Le philosophe et la mélancolie

"L'OEuvre au Noir" est le roman d'un seul personnage, d'un seul point de vue, celui du médecin et alchimiste Zénon, tour à tour bâtard inadapté, étudiant assoiffé de savoir ou savant hétérodoxe et persécuté. Un personnage complexe, dont les traits ont été empruntés à plusieurs figures de l'art et de la science du XVIe siècle, qui traverse, tout au long de l'intrigue, une forêt d'apparences trompeuses et une suite de champs de bataille, où les querelles politiques et les guerres de religion laissent apparaître les questions insolubles de la solitude et de l'angoisse devant la mort.

 

"L'OEuvre au Noir" est aussi le roman de l'esprit partagé entre espoir et tristesse. Le monde ouvert de la Renaissance, qui ressemble à un paradis de richesses nouvelles facilement atteignable va progressivement se rétrecir. Les voyages deviendront des fuites en avant.
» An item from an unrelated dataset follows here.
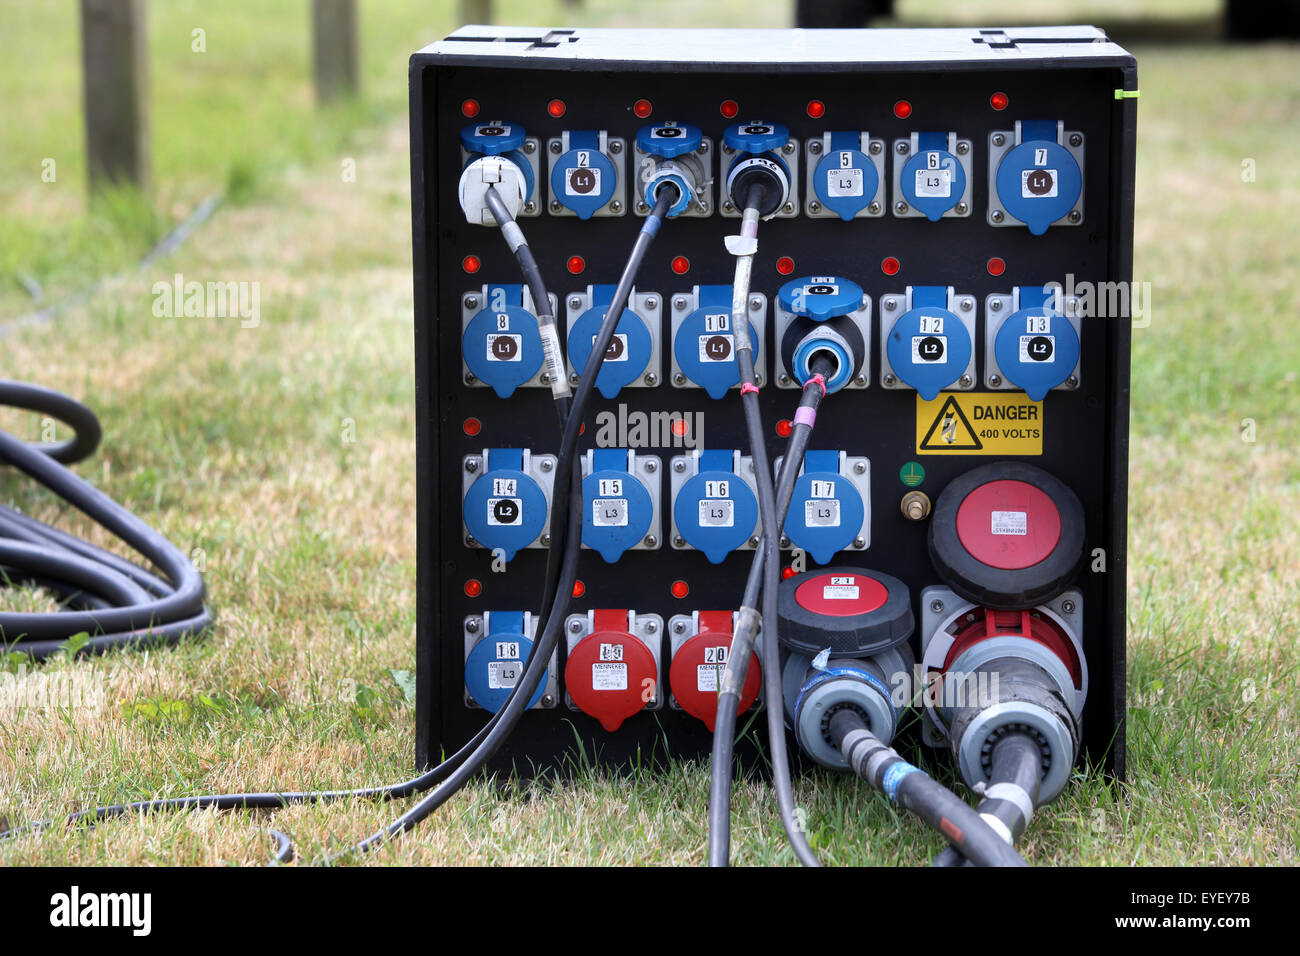 All'esterno elettricità gestione alimentazione scatola di giunzione in corrispondenza di un evento esterno Immagini Stock

Le monde de Zénon est déjà celui de Fabrice à Waterloo. Un monde dominé par des courants de pouvoir qui agissent en réseau ou entrent en collision, où la violence peut être occasionnelle, hasardeuse, et de ce fait rarement compréhensible. Le rêve de l'homme nouveau et des découvertes scientifiques se transformera en souvenir improbable entre les quatre murs de la cellulle de Zénon. Le regard du philosophe, qui a une fois rencontré un miroir aux multiples facettes, se tourne vers l'intérieur. Nulle passion n'habite Zénon, sinon celle du savoir, (1) qui s'épanouit dans les conditions les plus difficiles et représente, sur le mode du désenchantement et du scepticisme, le triomphe de l'intelligence dans un monde bête et méchant. L'OEuvre au Noir est un rêve de liberté absolue ; liberté de voyager dans une Europe ravagée, de penser et de s'exprimer, de croire et de ne pas croire, d'abandonner la terre d'origine, de tout délaisser, même la vie devenue insupportable.

 

Chez Zénon, il y a aussi la figure allégorique de la mélancolie. La célèbre gravure de Dürer inspira d'ailleurs Marguerite Yourcenar le titre d'une nouvelle publiée dans les années 1930, "D'après Dürer", qui contient tous les éléments (mêmes personnages, même époque, même intrigue) de ce qui deviendra plus tard "L'OEuvre au Noir". Des références picturales (Bosch, Brueghel, Cranach l'Ancien) font également partie du roman. Elles sont présentes dans les descriptions des paysages flamands. Elles créent chez le lecteur une impression de déjà vu, un cadre à la fois exotique et connu. Et on connaît aussi le soin que Marguerite Yourcenar mettait à définir l'arrière-plan intellectuel et culturel de ses personnages. Pour obtenir un effet de vraisemblance, l'auteur fait appel aux sources littéraires, mais aussi aux documents d'archives, aux expressions anciennes lorsqu'il s'agit de reconstituer la langue du XVIe siècle... Ainsi, la mélancolie est un trait d'époque, un état d'esprit qui rappelle la culture classique. Mais la théorie des passions peut cacher, dans "L'OEuvre au Noir", un thème intemporel. La responsabilité individuelle du scientifique, qui apparaît souvent dans l'oeuvre de Marguerite Yourcenar. Pour l'auteur, engagé en faveur de la défense de l'environnement à une époque où l'écologie n'était pas encore devenue un combat politique, la société a tout à craindre des "apprentis sorciers" (2) et la mélancolie est, pour Zénon, l'expression du pessimisme devant le mauvais usage que l'homme fait de la connaissance.

 

 

(1) "J'ai parcouru au moins une partie de cette boule où nous sommes; j'ai étudié le point de fusion des métaux et la génération des plantes; j'ai obsevé les astres et examiné l'intérieur des corps. (...) Je sais que je ne sais pas ce que je ne sais pas; j'envie ceux qui sauront davantage, mais je sais qu'ils auront, tout comme moi à mesurer, peser, déduire et se méfier des déductions produites, faire dans le faux la part du vrai et tenir compte dans le vrai de l'éternelle admixtion du faux." Zénon dans "L'OEuvre au Noir".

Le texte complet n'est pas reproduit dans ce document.